Re: [Bioc-sig-seq] Quality Value Analysis from a BStringSet

Marcus Davy Sun, 13 Jun 2010 20:50:46 -0700

Hi Martin,
thanks for your comments.

With the quality score conversion I was getting different quality scores
using 'as(quality(fq), "matrix")' which would need to be offset by 31
because of Phred/Solexa score differences.


On Sat, Jun 12, 2010 at 1:55 AM, Martin Morgan <[email protected]> wrote:

> On 06/11/2010 12:48 PM, Marcus Davy wrote:
> > Hi,
> > there are a couple of ways to have a go at this, for example pattern
> match
> > for B's and count the matches using low level matching or coerce to
> numeric
> > quality scores and summarize those.
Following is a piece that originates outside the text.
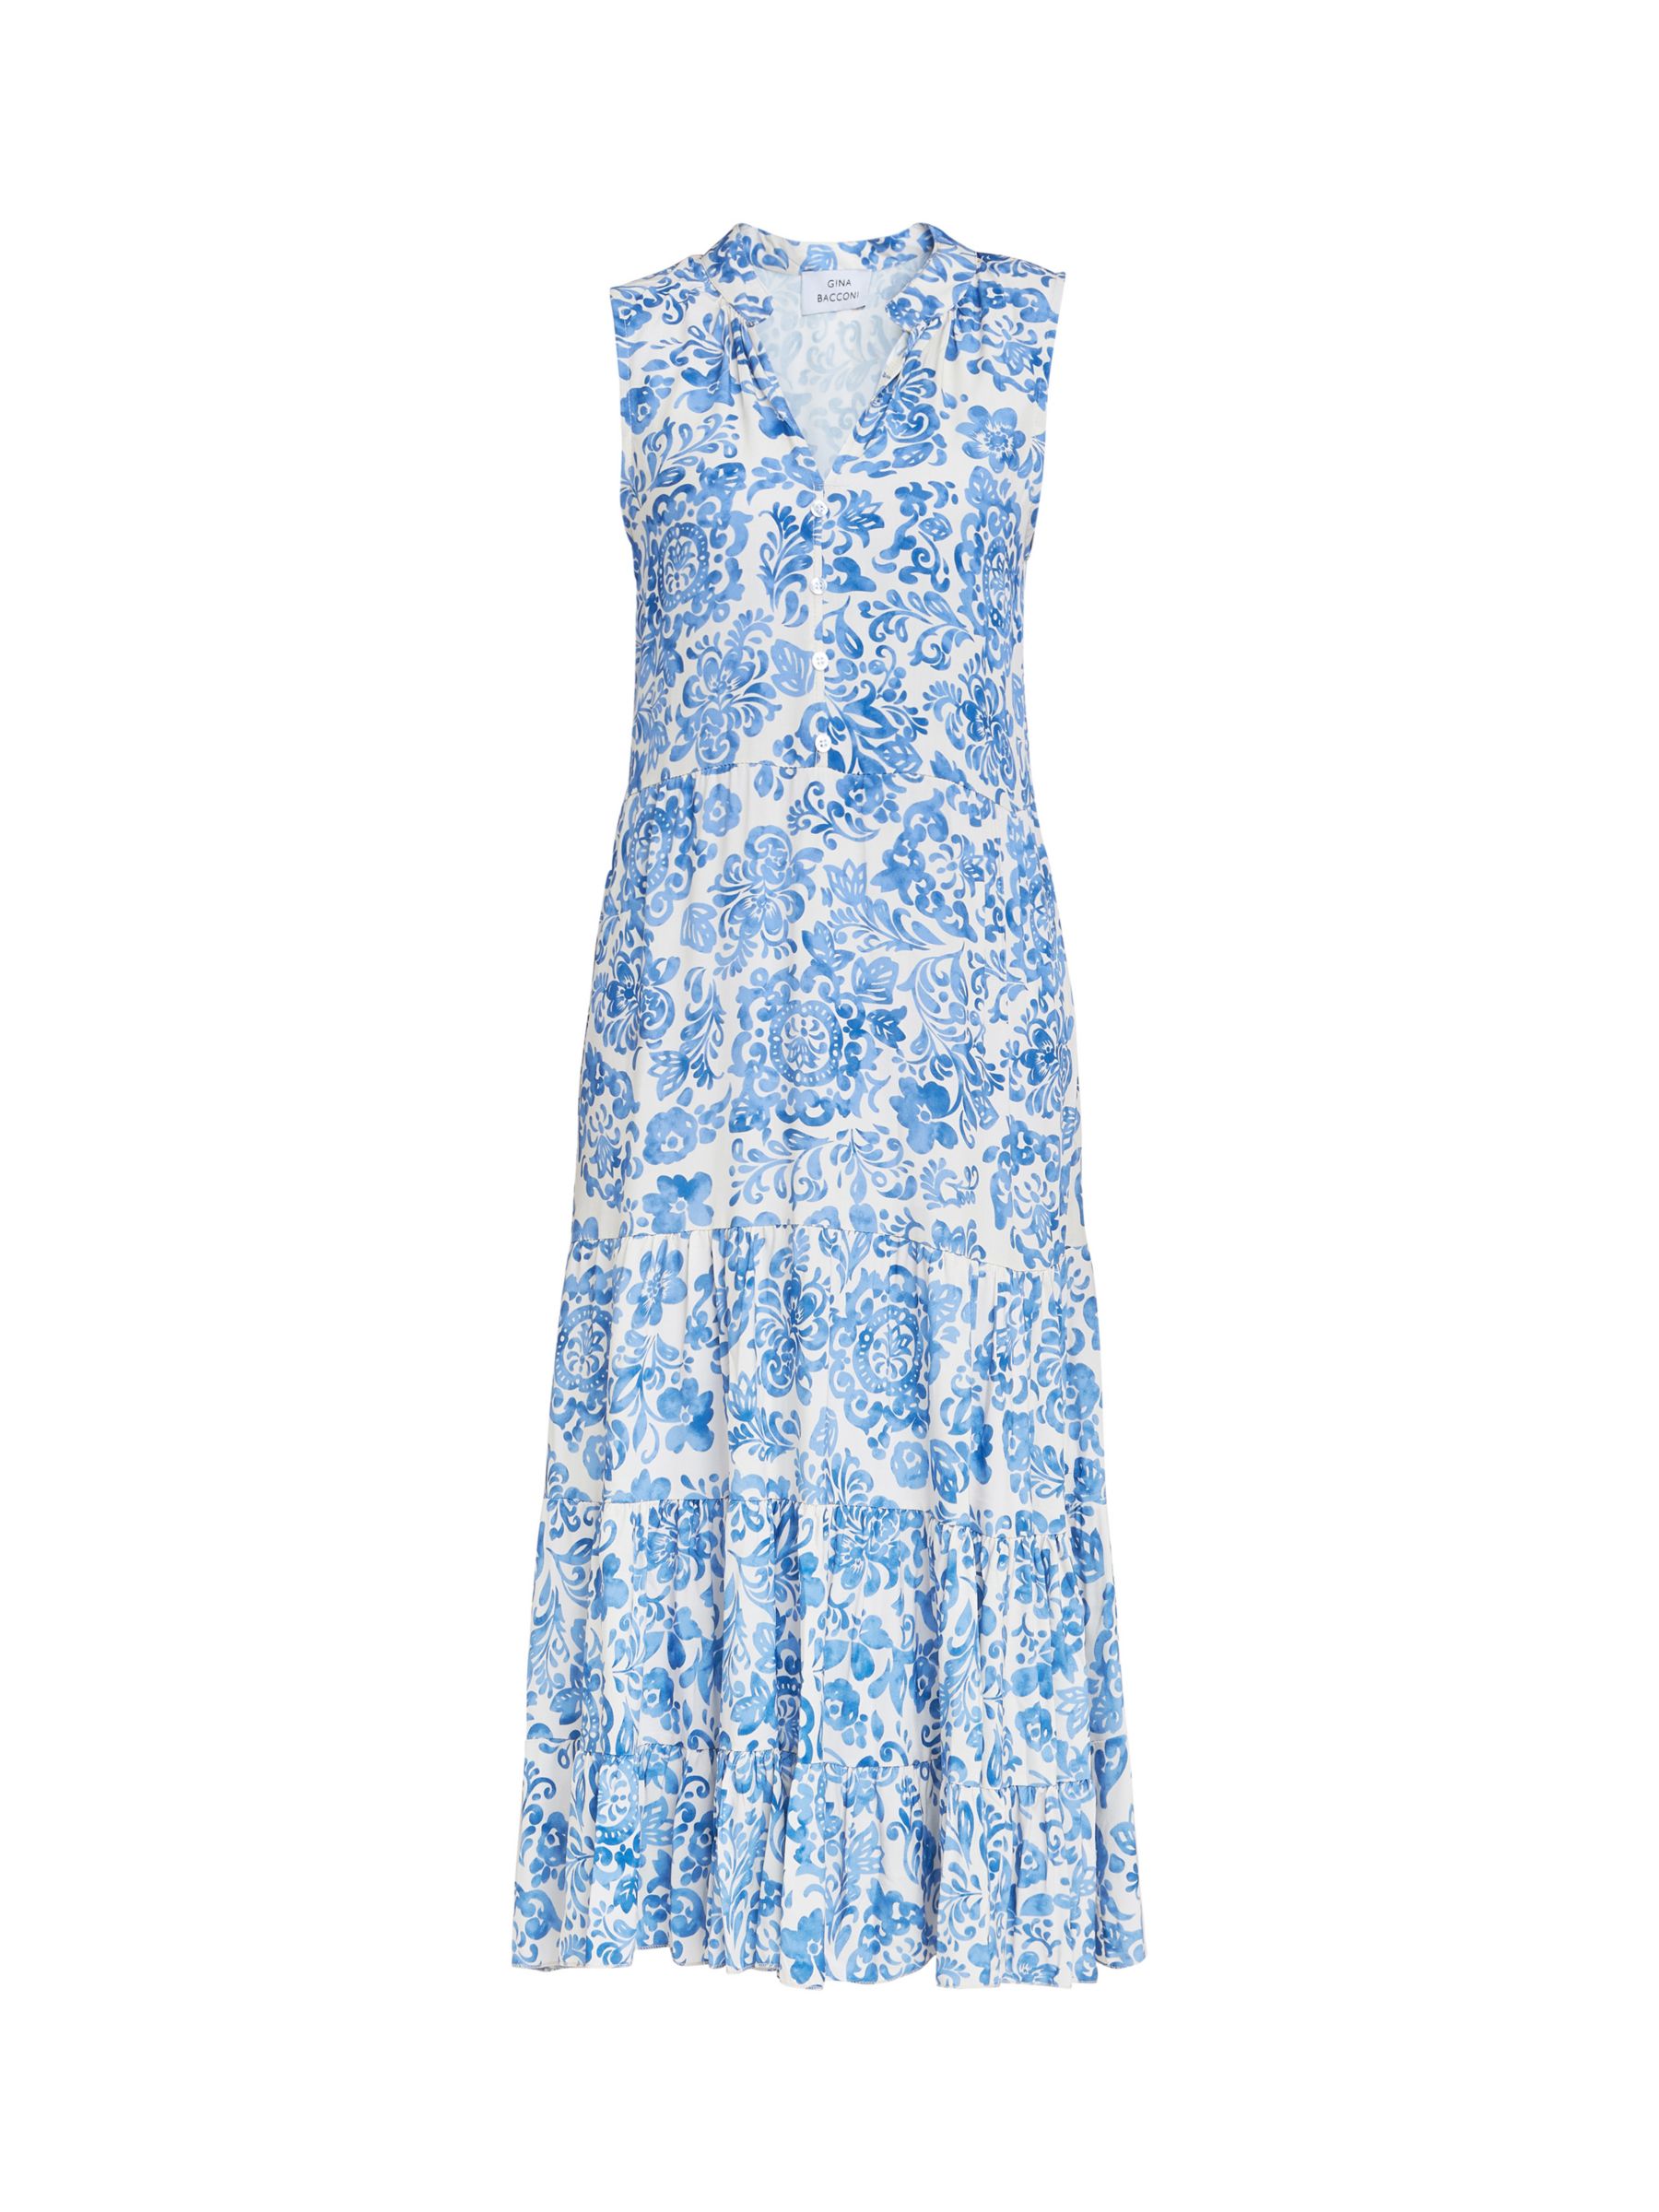 Gina Bacconi Lolita Floral Print Sleeveless Midi Dress, Blue/White, S

I have provided an example where I
> >  subset the ShortReadQ object to work with the 3' end of interest.
> However,
> > if you do this, qa()  does not take into account that you may have
> changed
> > the starting cycle position to something other than 1. It would be quite
> > nice to have an additional argument  in qa() which sets an alternative
> start
> > cycle, for example if you ran a quality report on the last 20 cycles of
> > interest when there are 100 cycles, your qa() summary output should start
> at
> > cycle 81 to 100.
>
> One thing is that the subset might often and reasonably be ragged, e.g.,
> 'the last 20 nucleotides of a 454 run', where the reads are different
> widths.


Yes I agree with you, the context I was talking about was only for fixed
width Solexa data.
Incidentally sometime ago I did some tests randomly generating variable
length fastq data for 454. The qa report failed slightly on one component,
what was happening in my case (partly due to random generation of data) was
that I was getting all unique sequences in qa[["sequenceDistribution"]]
which was causing plotReadOccurrences to fail, probably the diff() in the
denominator is ultimately causing an infinite value. I think this is
unlikely to be an issue in practice with sequence artifacts like duplicate
sequences etc, maybe the likelihood could increase as the length of reads
increases for 454 ragged reads.


> >
> > Another issue, is that ShortRead:::.plotCycleQuality only plots the means
> > for each quality score versus cycle position. This does not provide any
> > information about the variability in those quality scores for each cycle
> > which usually increases as the cycle number increases.
>
> It's hard to know how to do this when the number of cycles gets large,
> without just writing a lot of ink to the plot. Maybe every 5th / 10th
> cycle might have quantile information? (with the qa object containing
> the info for all cycles).
>
> In  fastx boxplot graphs I have sighted there is consistent quantile
information after a certain cycle position depending on the experiment.
Using boxplots there also appears to be issues for high quality scores with
low variability which may not have any interquartile range width.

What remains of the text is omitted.